Cartoon rakhis rule the roost this Raksha Bandhan season
Like each year, the market is inundated with a huge variety of Rakhis. It seems there is more choice for children as most shops have several Rakhis that promote their famous cartoons. The list is endless including Doraemon, Spiderman, Mickey Mouse, Chota Bheem, to mention a few. The prices vary from `10 to `100 and even more.chandigarh Updated: Aug 29, 2015 11:34 IST
Like each year, the market is inundated with a huge variety of Rakhis. It seems there is more choice for children as most shops have several Rakhis that promote their famous cartoons. The list is endless including Doraemon, Spiderman, Mickey Mouse, Chota Bheem, to mention a few. The prices vary from `10 to `100 and even more.
“For little children, these cartoons are their real heroes and the idea of creating cartoon specific Rakhis is great,” say several shopkeepers selling Rakhis at Ludhiana’s traditional Chaura Bazaar. They added that the cartoon trend is all over the place and not only in Ludhiana.
Raksha Bandhan cartoon toys in the market ahead of the festival at Bathinda. (Sanjeev Kumar/HT)
“I want to buy most of the cartoon Rakhis available in the market but I will buy more of Spiderman and Doraemon because they are my favourites,” says an 8-year-old child who was accompanying his mother Balwinder Kaur for shopping at Sarabha Nagar market.
Kaur says, “It is a delight to come across such a huge variety. It clearly seems the makers have targeted the children to ensure high sales.”
THE SOCIAL NETWORK
Rakhis with social networking themes are also available with logos of Facebook and Twitter on them.
“These days most of us are addicted to social networking sites, so some shops have come up with the novel idea of selling Facebook and Twitter Rakhis. Surely, this will lure many young minds,” says Swaranjit Singh and Jaspreet Singh of Punjab Agricultural University (PAU).
TRENDING BAJRANGI BHAIJAAN!
History seems to be repeating itself with a twist this Rakshabandhan season as the traditional rakhis with big flowers are trending again along with Bajrangi Bhaijaan rakhis (so much so, at the time of going to press our photographers informed us that they could not manage to get a single picture of these Rakhis because they were out of stock).

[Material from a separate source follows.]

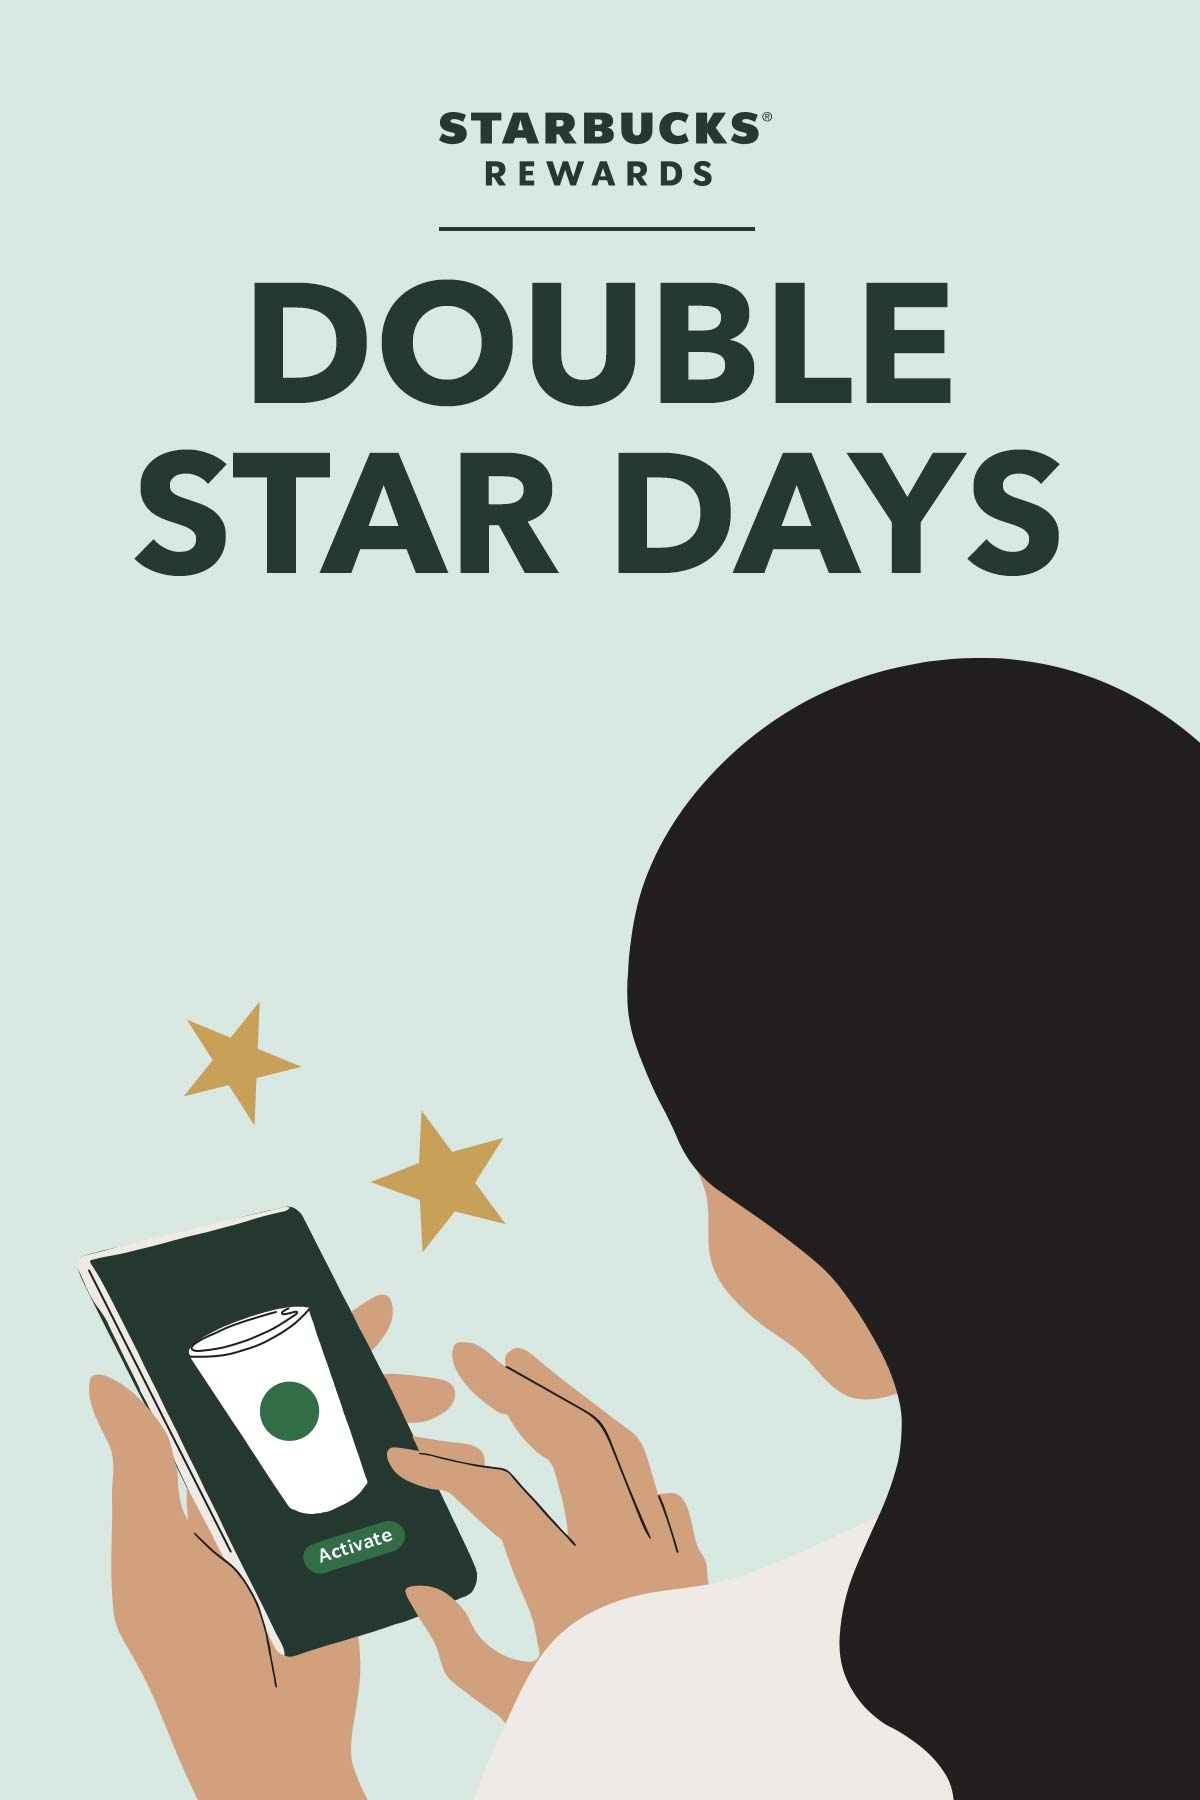 Double Star Days tekst met Starbucks logo en illustratie.

Rakhi trader Kamal Singla from Bathinda said they usually procure Rakhis in bulk from Ambala and Delhi. However, Kolkata is also a hub for Rakhi production. Talking about the sale of Rakhis this year, he said the sale of Rakhis did not pick up till August 26 but they were hoping for a boom in sales on Friday and Saturday.

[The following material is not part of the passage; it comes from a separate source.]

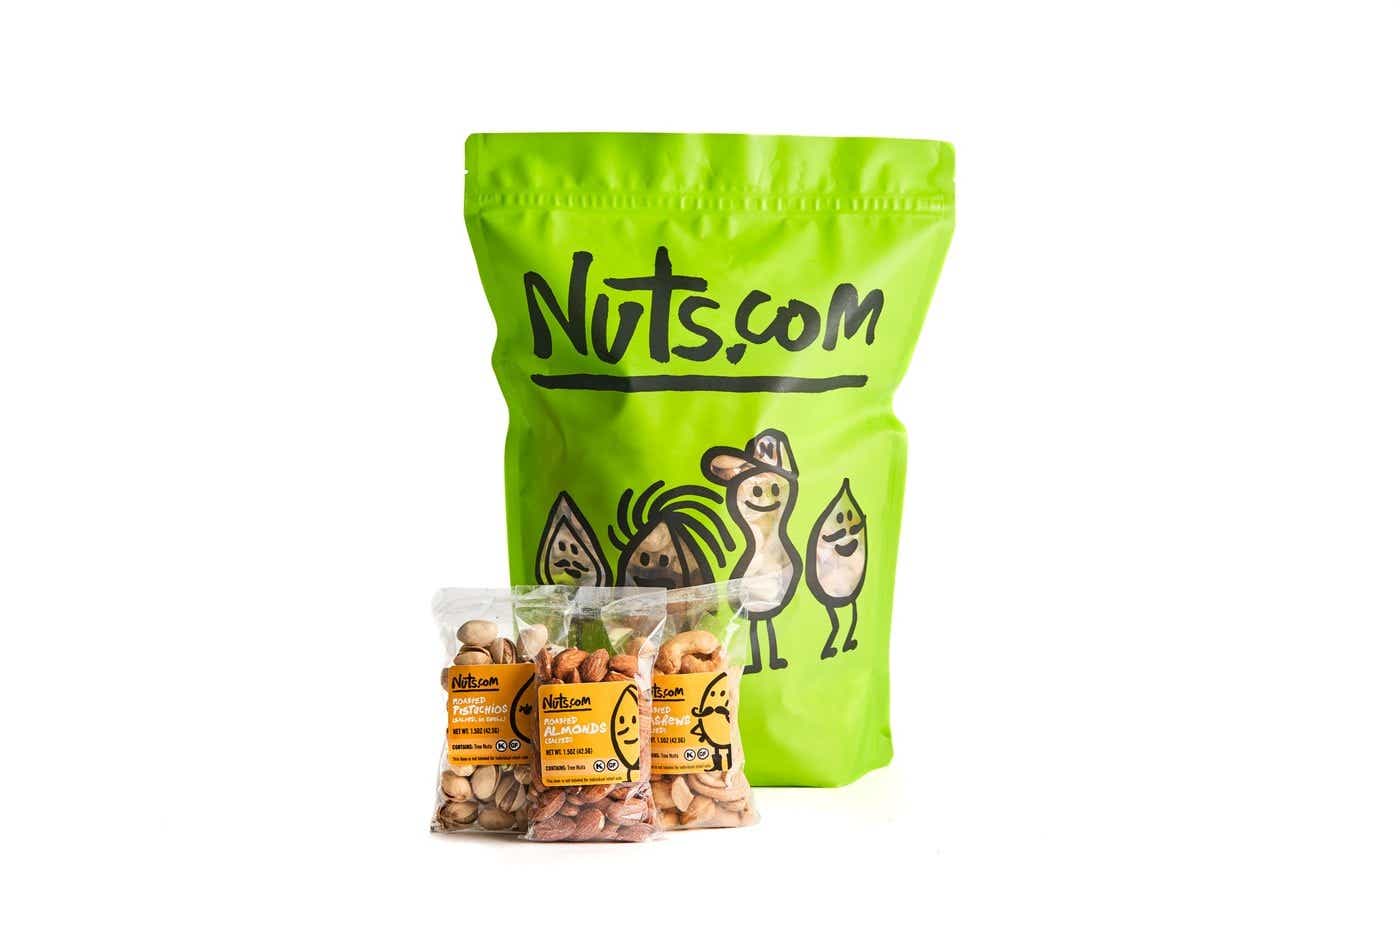 Nuts.com dried fruit sampler

“This season Rakhis which have Bajrangi Bhaijaan pictures are high in demand along with Rakhis that have lights, toys and cartoon characters like Chota Bheem and Ben10. However, to our surprise people are also demanding Rakhis with big flowers on them keeping with the age-old traditional styles,” said Singla.

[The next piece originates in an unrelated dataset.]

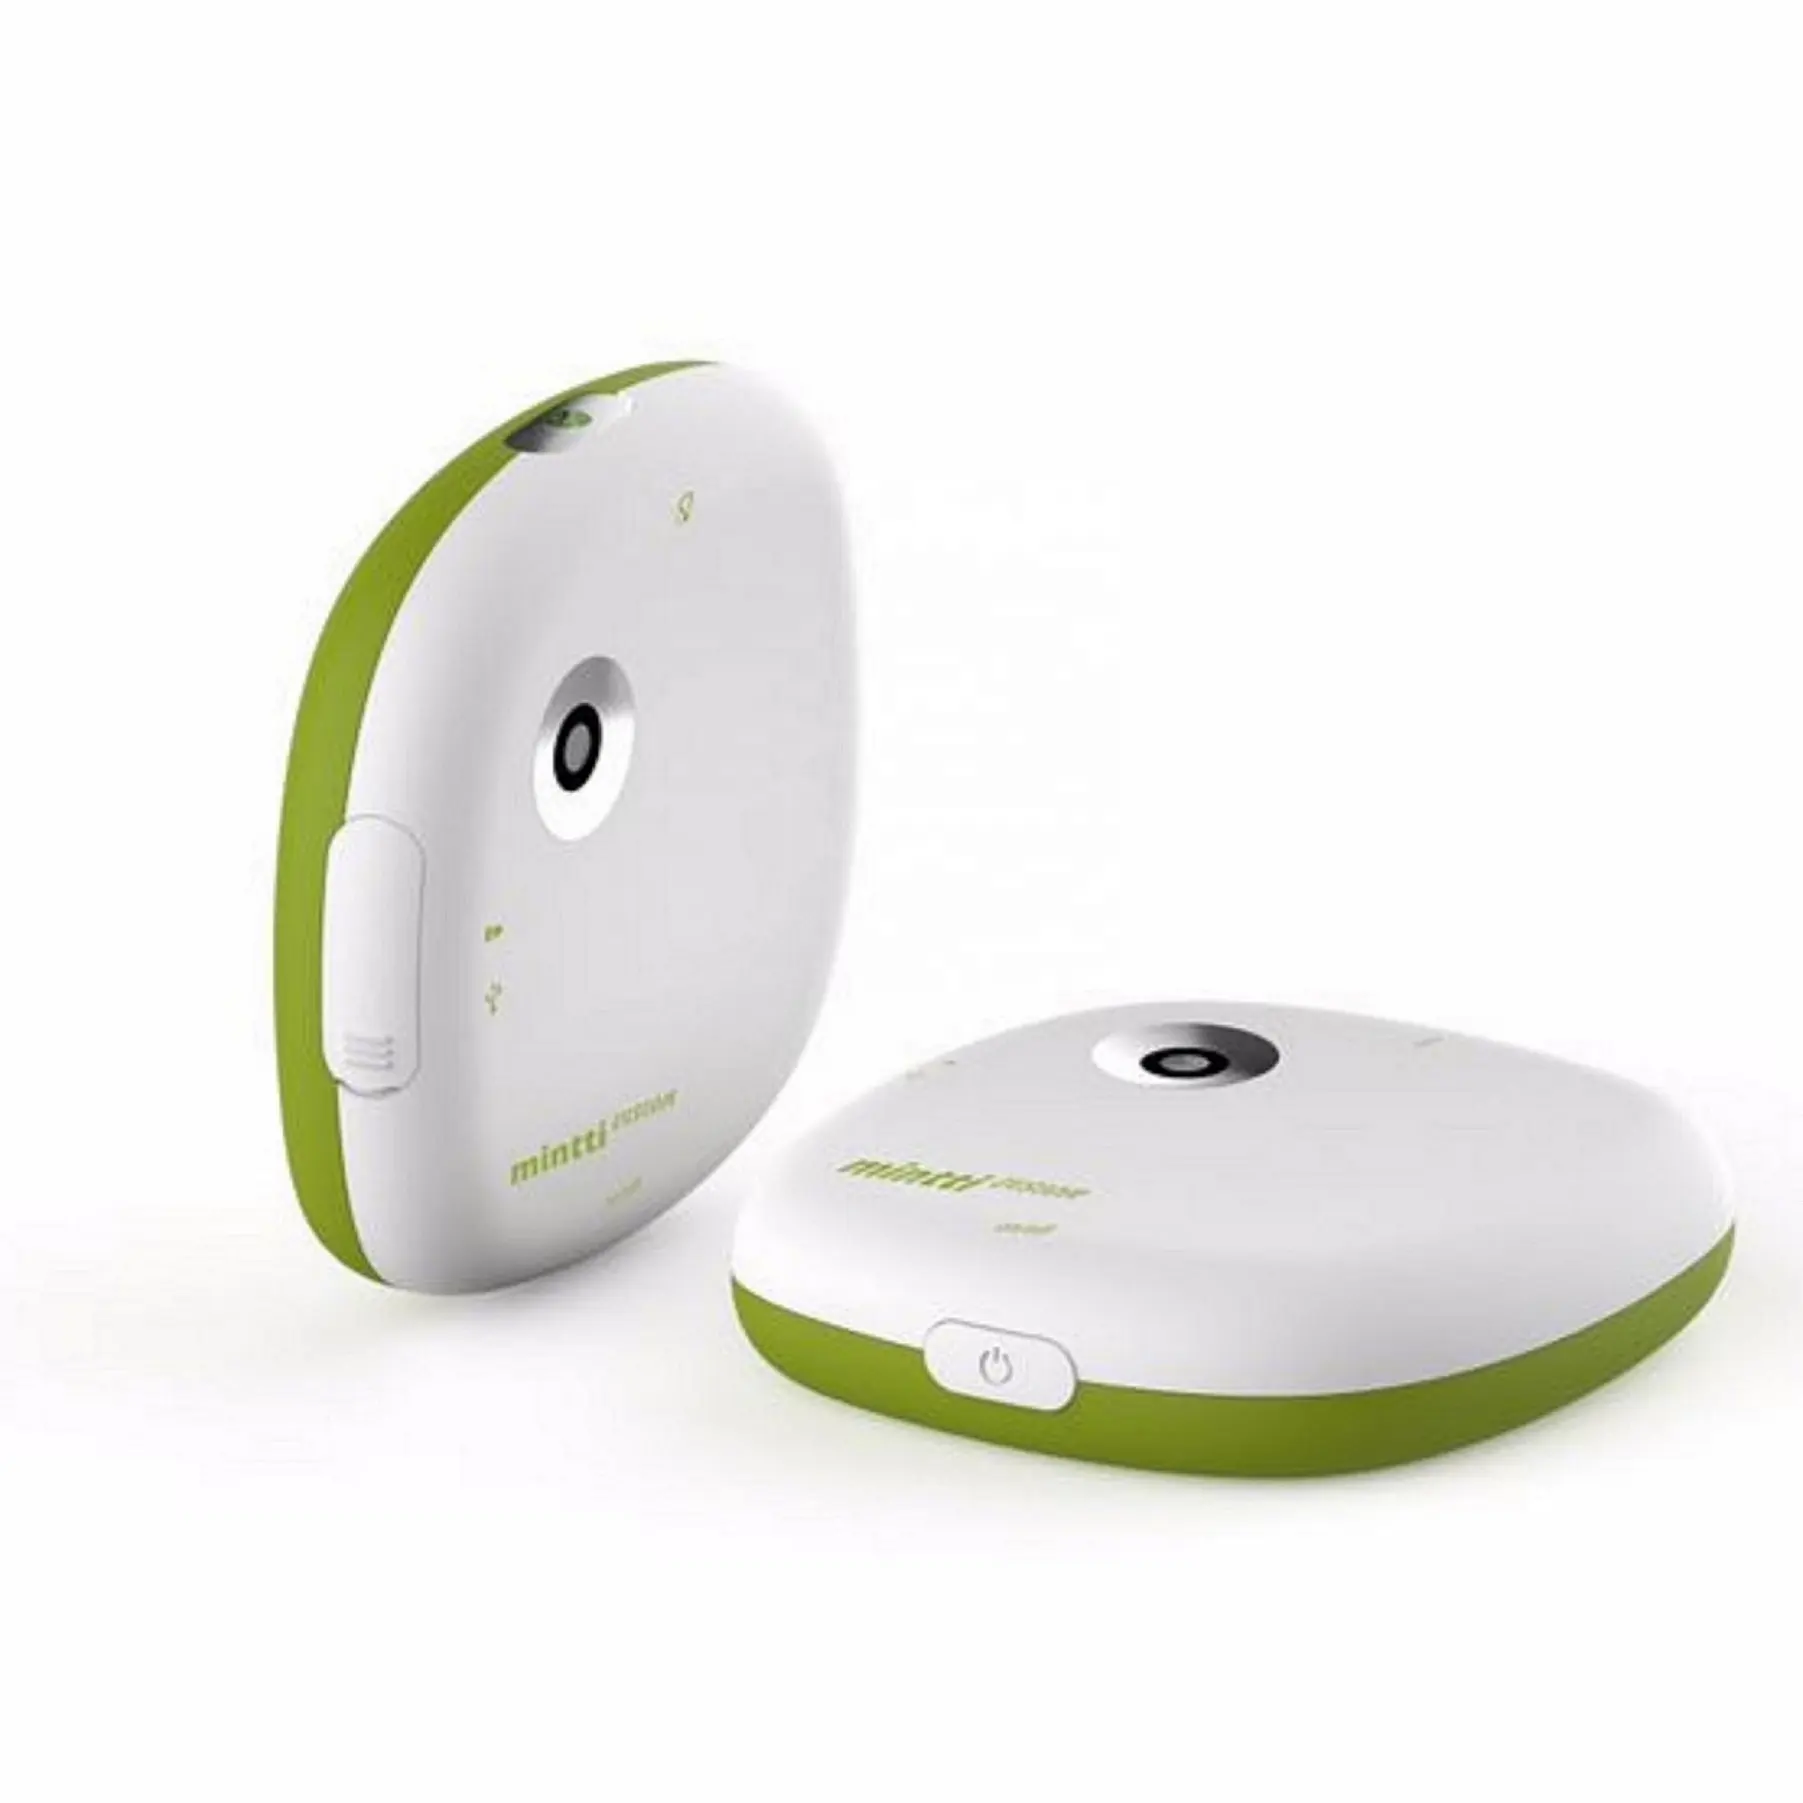 all in one telemedicina medical device rechargeable digital blood pressure smart glucose meter ECG glucometer

Meanwhile, Manoj Goyal, a sweet shop owner said, “This year, the demand for traditional sweets and chocolates is more as compared to dry fruits. We have prepared special gift packages of sweets and chocolates for Rakhi, but people haven’t started coming in to buy these yet.”
A jewellery shop owner said, “Working sisters who have money at their disposal have ordered gold or silver Rakhis as well. Some brothers have also come in to buy expensive jewellery for their sisters.”
‘BABAJI KA THULLU’ OVER MODI
Baba ji Ka Thullu Rakhi available in the Bathinda Market. (Sanjeev Kumar/HT)
Shopkeepers who bought Modi Rakhis are facing a huge loss as customers have not taken to the Prime Minister’s face beaming out of them. A shopkeeper in Bathinda, Naresh Jindal said, “Nobody wanted to buy Modi Rakhis. I have not been able to sell even one of these.”
“I invested a good amount into Modi Rakhis, but I had to dump all of them. Besides these, some people have been asking for Rakhis with ‘Baba Ji ka Thullu’ stuck on them instead of Modi,” said another shopkeeper Sunder Lal, who hails from Bathinda.
Innovative Rakhis with Modi in an animated form have flooded markets in Bathinda. (Sanjeev Kumar/HT)
A VIRTUAL TOUCH
Many Punjabis settled abroad will celebrate Rakhi through Skype chat. “My Rakhi will reach me by post in the first week of September and I will connect with my sister through Skype.
This is one of the best ways and I am eagerly looking forward to this celebration. Last year, I was at home but this time, it will be a celebration of a different kind,” says Shubhdeep Singh (21) a student studying in Toronto, Canada who hails from Bathinda.
Maninder Singh (26), another youngster from Jalandhar who runs his own business of parcels and post in Auckland, New Zealand will also celebrate Rakhi through Skype. “I have already received my Rakhi from my sister in Jalandhar but I have no time before August 31 due to a busy schedule but I will fix a time with my sister and parents in a day or two.”